Adsorption-Desorption Isotherm and Pore Size Distribution
Figure 7A shows the nitrogen adsorption–desorption isotherm of molybdenum disulfide/biological structure carbon composites prepared by the hydrothermal calcination method with the concentration of molybdenum chloride of 0.20 mol/L. Combined with the IUPAC classification method, the nitrogen adsorption–desorption isotherms belong to a typical type IV. When the relative pressure is at a low pressure (0–0.1), monolayer adsorption is carried out, and the adsorption capacity of the system increases gently. When the relative pressure is in the middle range (0.1–0.4), multilayer adsorption takes place, and nitrogen molecules are adsorbed on the interlayer channels of the biological structure of carbon and the slit mesopores formed by the folds of MoS2 nanosheets. Under the relative high pressure (0.4–1.0), capillary condensation is mainly carried out in the system, and the adsorption–desorption saturation equilibrium is achieved at a p/p0 of 1.0. The H3-type hysteresis ring formed under high pressure indicates that there are a lot of slit pore mesoporous structures formed by the accumulation of sheet MoS2 and biological structure carbon layer in the system. Combined with the related literature studies, the causes of the H3 hysteresis loop due to the adsorption of composite material are because of the hole wall of multilayer adsorption and condensation, two factors in the hole, by the action of the stripping process caused only by capillary condensation. Given the multilayer structure for a parallel state, Kelvin radius changes constantly, thus resulting in the H3-type hysteresis phenomenon. The BET (Brunauer–Emmett–Teller) equation was used to analyze the data, and its specific surface area was 568.35 m2/g. Figure 7B shows the pore size distribution of molybdenum disulfide/biological structure carbon composites prepared by the hydrothermal calcination method with the concentration of molybdenum chloride of 0.20 mol/L. It can be concluded from the figure that the nano-pore size of the composite is between 2 and 20 nm, which further proves that the material is a mesoporous system. It was observed that the ratio of 4 nm mesopores in the material system was high, which was caused by the coordination between pores in the carbon mesosphere of biological structure and flake MoS2.

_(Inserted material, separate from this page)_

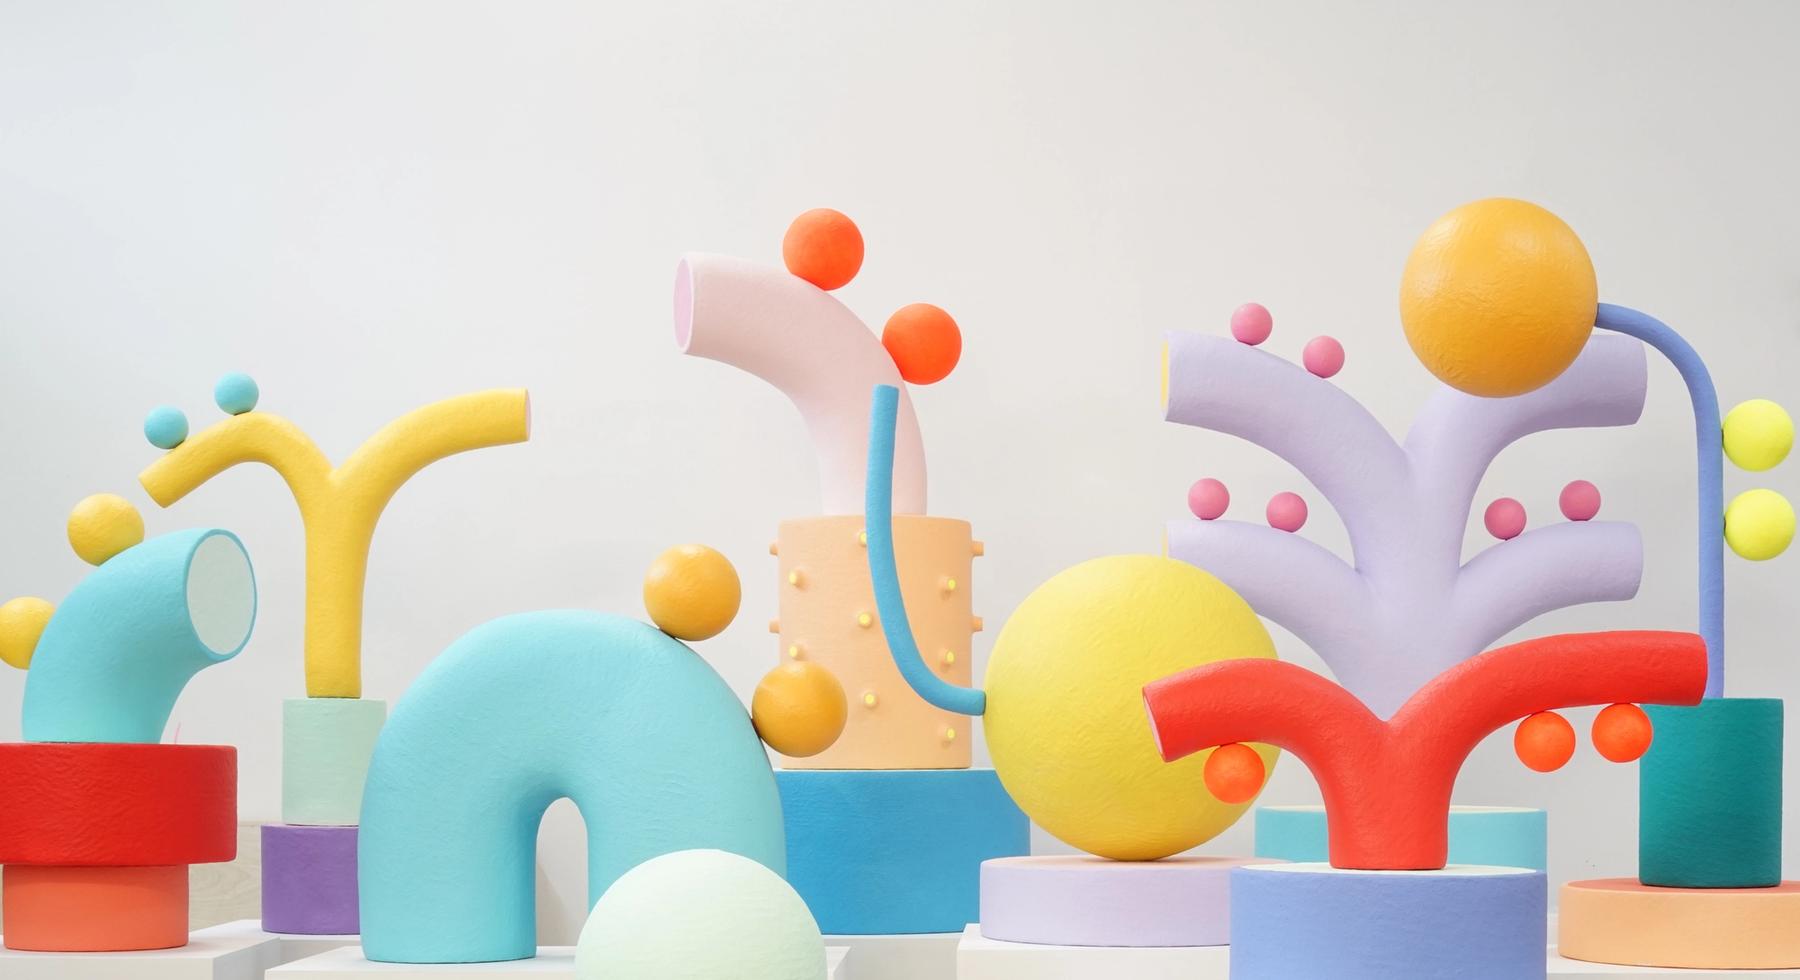 Brightly colored rounded abstract sculptures.

FIGURE 7. (A) Nitrogen adsorption–desorption isotherm and (B) pore size distribution of molybdenum disulfide/biological structure carbon composites prepared by the hydrothermal calcination method with the concentration of molybdenum chloride of 0.20 mol/L.
Photocatalytic Decomposition of Water to Produce Hydrogen
Figure 8 shows the hydrogen evolution of MoS2/C composites prepared by the hydrothermal calcination method with the different concentrations of molybdenum chloride including 0.05, 0.10, 0.15, and 0.20 mol/L under visible light irradiation for three cycles. In addition to four samples with different concentrations of molybdenum chloride, pure MoS2 was also tested in the photocatalytic decomposition of water to produce hydrogen. The experimental results show that MoS2 can hardly decompose water to produce hydrogen. The photocatalytic performance of the composite system with a higher concentration (0.10, 0.15, and 0.20 mol/L) was better than that of the composite system with a lower concentration (0.05 mol/L) in each cycle experiment. After 6 h of illumination, the hydrogen production of low concentration MoS2 composites tended to be gentle, while the hydrogen production of the three high concentration composites showed an upward trend. Comparing the results of three cycles, it can be found that the hydrogen production of the MoS2 sample with the concentration of 0.05 mol/L decreases significantly with the increase of the number of cycles, while the photocatalytic hydrogen production of composite materials with other concentrations still reaches a stable high value after multiple cycles. This is because MoS2 has a more serious photocorrosion phenomenon when the concentration is low, which limits the continuous photocatalytic reaction. After 6 h of illumination in the first cycle, the photocatalytic decomposition of hydrogen in aquatic products with four concentrations were 120.85, 358.95, 464.02, and 492.12 μmol, respectively. The hydrogen production of MoS2/C composites prepared by the hydrothermal calcination method with the different concentrations of molybdenum chloride including 0.05, 0.10, 0.15, and 0.20 mol/L were 32.61, 336.40, 443.27, and 475.14 μmol, respectively, after 6 h of illumination in the third cycle.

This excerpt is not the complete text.